Não sei se ela tem síndrome alguma e, honestamente, não importa.
Ok. Esqueçam a biologia. Esqueçam a bagunça da mitose e da meiose. Imagino que o cursinho/colegial já tenha ficado no passado (assim como falar "colegial"). Vou tentar explicar de um jeito bem simples:
Assim como no início de A Hora da Estrela, a vida começa quando uma célula diz "sim" à outra. O óvulo diz sim para o espermatozóide e ocorre a união dos 23 cromossomos de cada um deles, pareando-se e formando a primeira célula de um ser humano. Desde então, ocorre uma sucessão exponencial de SIMs de uma célula para dar origem à outra... formam-se duas, quatro, oito, dezesseis células... E assim por diante. Daí, tudo começa a ficar um pouco mais complexo. Chega a hora de se diferenciar. Aquilo que era só um sim, incorpora um gigantesco jogo de telefone-sem-fio, em que a mensagem é ditada pelo código genético: cada célula diz o que ativar e o que desativar de forma a dar origem às outras que vão constituir os diferentes órgãos e sistemas do corpo humano. Um processo que se repete até chegar nos 100 trilhões de células, de diferentes tipos, que formam, em média, uma pessoa. E que garante que continuemos vivos.
Quem ainda lembra que foi criança e brincou de telefone-sem-fio sabe que erros ocorrem e naturalmente a mensagem acaba chegando com, pelo menos, alguma alteração ao fim da brincadeira. Algo análogo ao que ocorre com tarefas delegadas a muita gente ou trocas muito longas de emails corporativos.
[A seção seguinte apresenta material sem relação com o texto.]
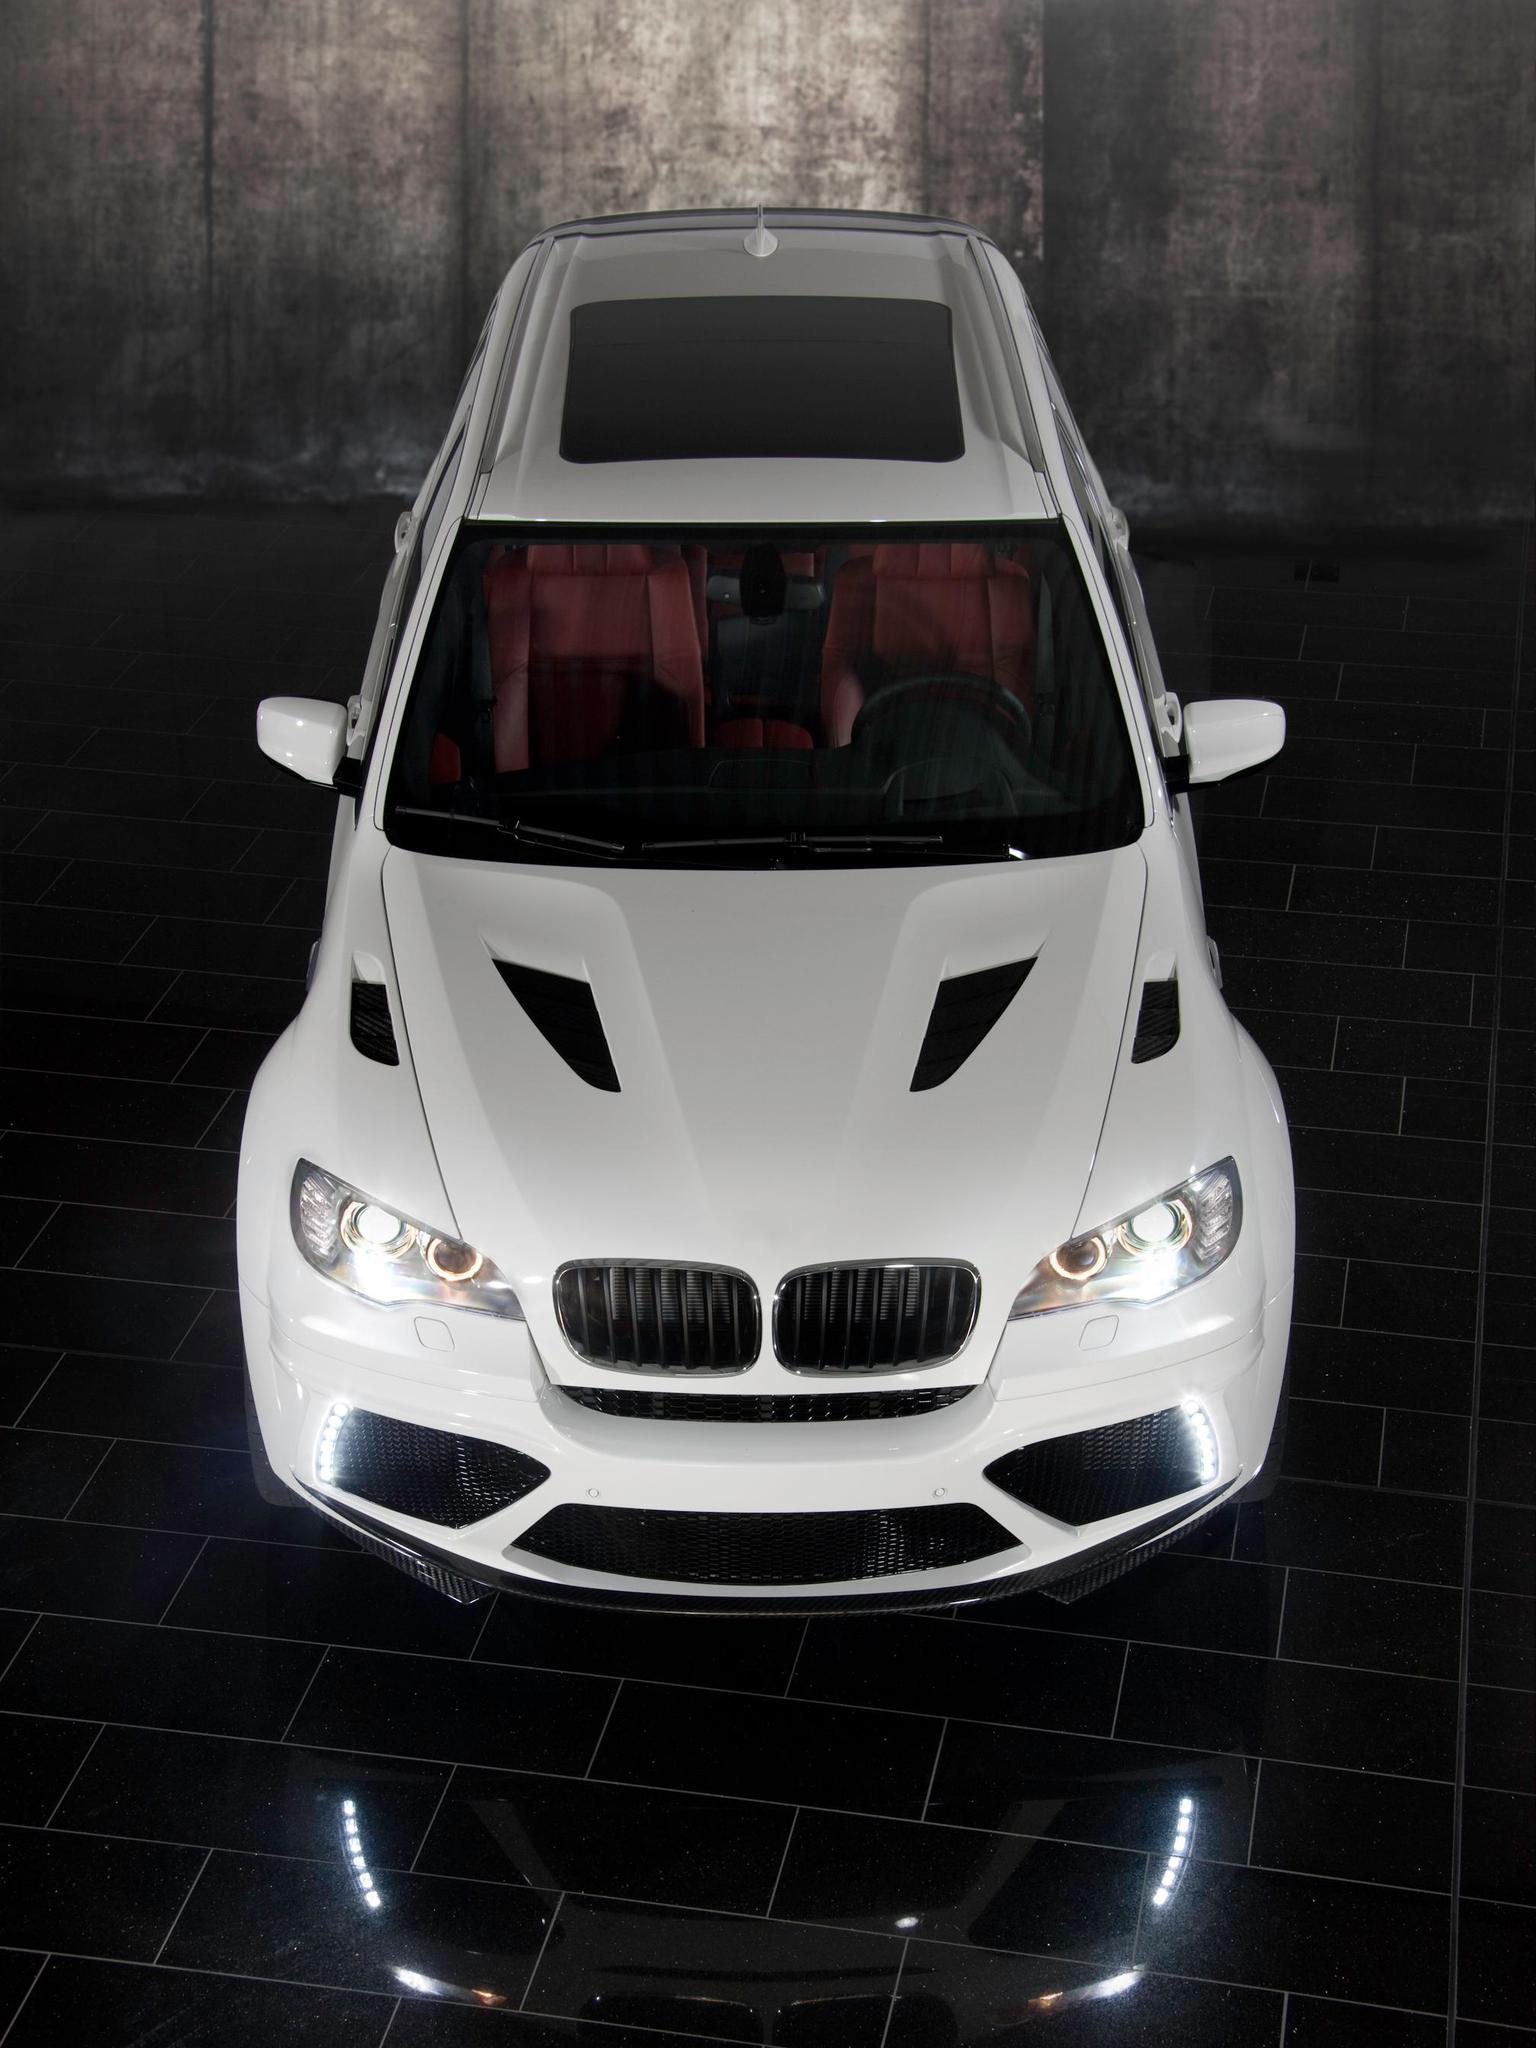 Mansory body kit for BMW X5 new model
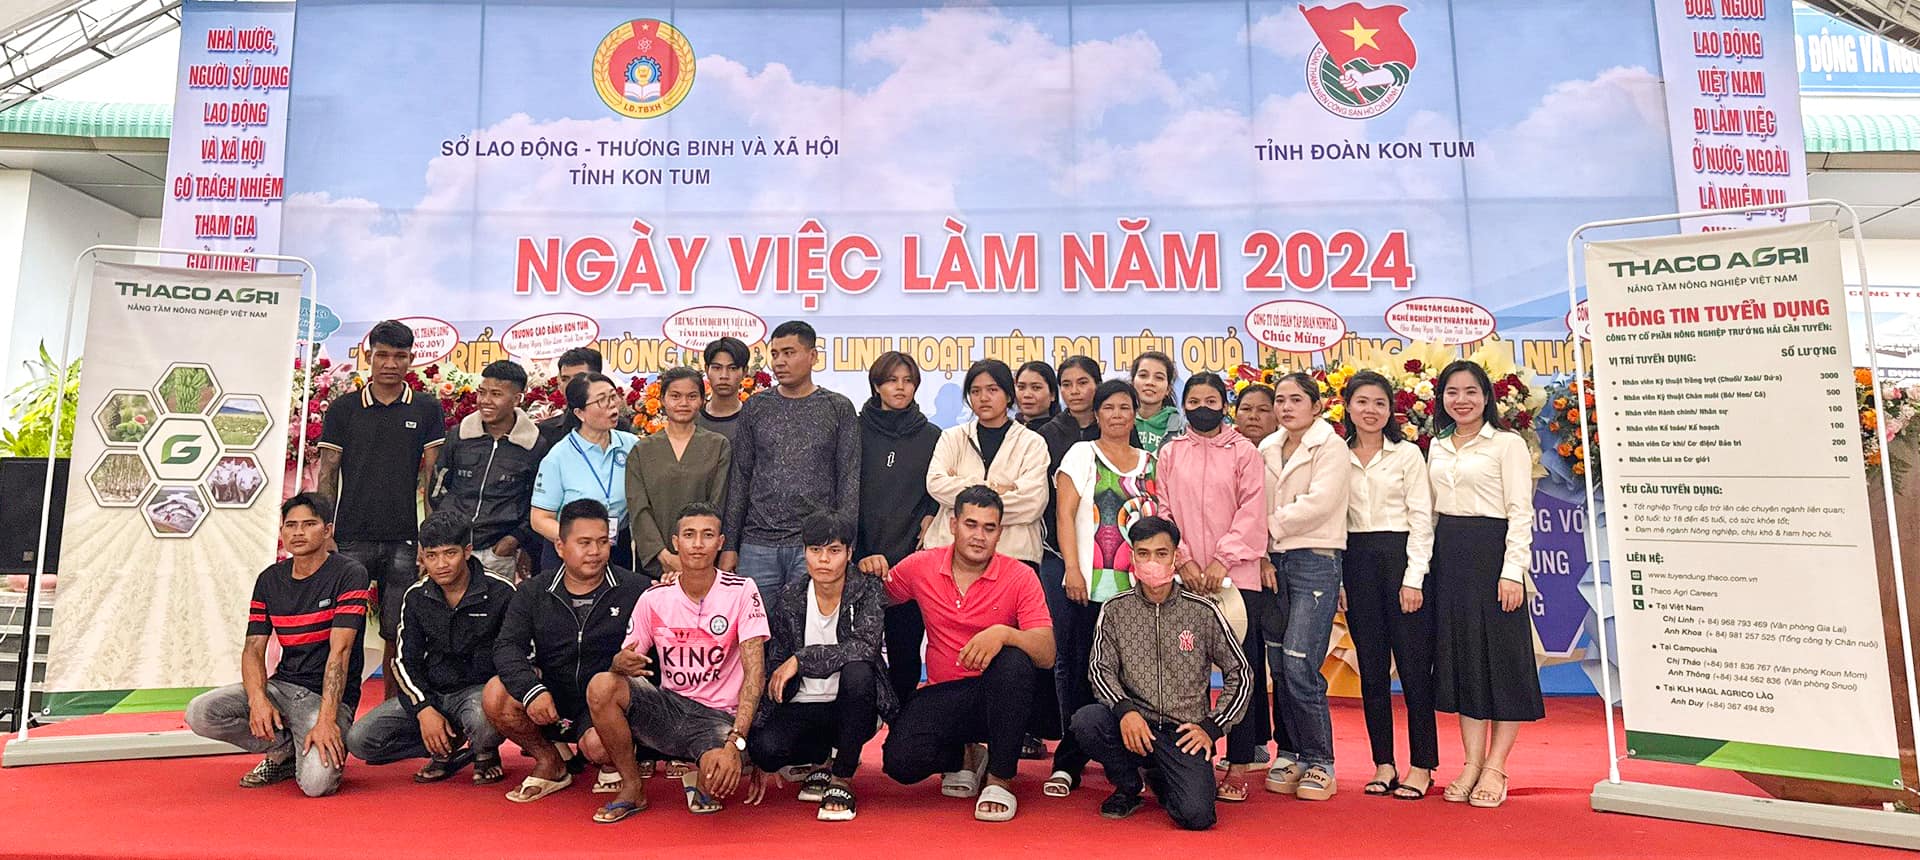 THACO AGRI đã tham gia chương trình Ngày việc làm năm 2024 tại Trung tâm Dịch vụ việc làm tỉnh Kon Tum

Afinal, se a gente consegue fazer besteira em um dia corrido no emprego, imagine um organismo composto de 100 trilhões de células. E isso é normal. Erros são esperados. São as consequências deles no organismo que variam para os dois extremos: do mesmo jeito que eles podem resultar em uma pinta/manchinha feia ou num nariz "forte" para os padrões estéticos, também podem acarretar em alguma alteração incompatível com a vida, como a anencefalia que foi alvo de uma exaustiva e nauseante discussão na semana passada. No caso da filha do Roberto Justus, um desses erros acarretou em uma alteração no desenvolvimento dos ossos do crânio.
Não sei se ela tem síndrome alguma e, honestamente, não importa. Ela é, sim, uma criança normal, com um desenvolvimento cognitivo e motor compatíveis com sua idade, como seu pai precisou atestar à imprensa ontem, numa tentativa de acabar com tanta especulação. Talvez ela só não seja comum, por conta de sua malformação crânio-facial. Malformação essa que tem correção, ao contrário da estupidez e falta de conhecimento/sensibilidade demonstradas pela mídia, que fomenta a discussão sobre a "normalidade" da filha do Justus, e por quem criou um perfil no Twitter para tirar sarro dela. E pelas quase 35 mil pessoas que, seja pelo motivo que for, seguem-no, acham graça e fazem a menina virar assunto, de rede social a mesa de bar. Infelizmente, pra isso ainda não tem remédio. Nem com pílula, nem com cirurgia.